A legal challenge begins of the policy requiring the retention of all criminal convictions until a person reaches 100 years of age. The women bringing the challenge were forced into prostitution as teenagers and have multiple criminal convictions for soliciting and loitering.
They had previously won a legal challenge of the operation of the Disclosure and Barring Scheme which required them to disclose these records to employers and others (R(QSA and ors) v Secretary of State for the Home Dept [2018] EWHC 639 (Admin)). They are no longer required to show these records of their abuse and exploitation from many years back. However, the National Police Chief Council’s policy on deleting records requiring records to be held until the offender reaches the age of 100. This is despite the fact that many of the convictions would no longer be classed as a crime because the offence of soliciting and loitering was amended to exclude children under the Street Offences Act 1959.
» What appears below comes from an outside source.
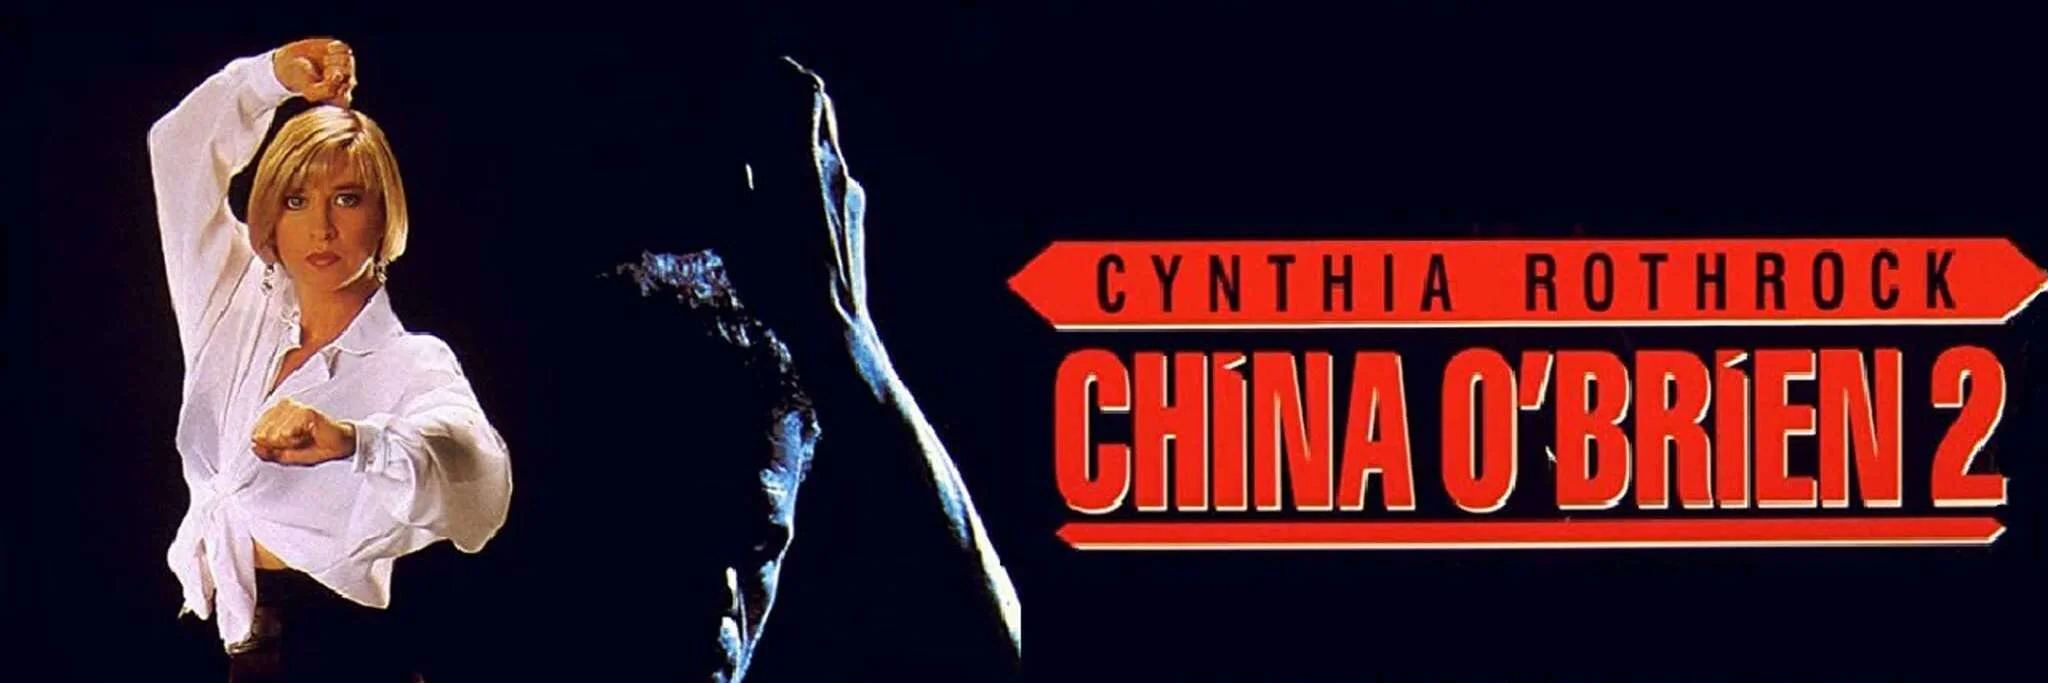 China O'Brien II 4K 1991 big poster

The case which is being brought by the Centre for Women’s Justice against the Secretary of State for the Home Department. Information on the PNC is available to a wide range of public bodies and some private organisations, as well as to the police, CPS and courts. It can also be accessed by the Royal Mail, trading standards and credit checking organisations.
‘As a consequence of meeting a dangerous pimp when I was only 15 who forced me to sell sex for money, by the age of 17 I had 39 convictions for soliciting and loitering,’ commented Fiona Broadfoot, one of the women bringing the claim. ‘Despite escaping prostitution over thirty years ago, I am horrified that these records of my abuse and exploitation will be retained for another 50 years and be made available to so many agencies.’
‘Why should I continue to be judged and stigmatised so many years after I got away from the hellish life I entered as a teenager?’ said ‘Sam’, one of the women providing. Harriet Wistrich, solicitor for the Claimants said: ‘What possible justification can there be for keeping such deeply personal, sensitive information on the PNC, particularly where our understanding of prostitution offences has moved forward so far and the women concerned would now be regarded as victims not criminals.’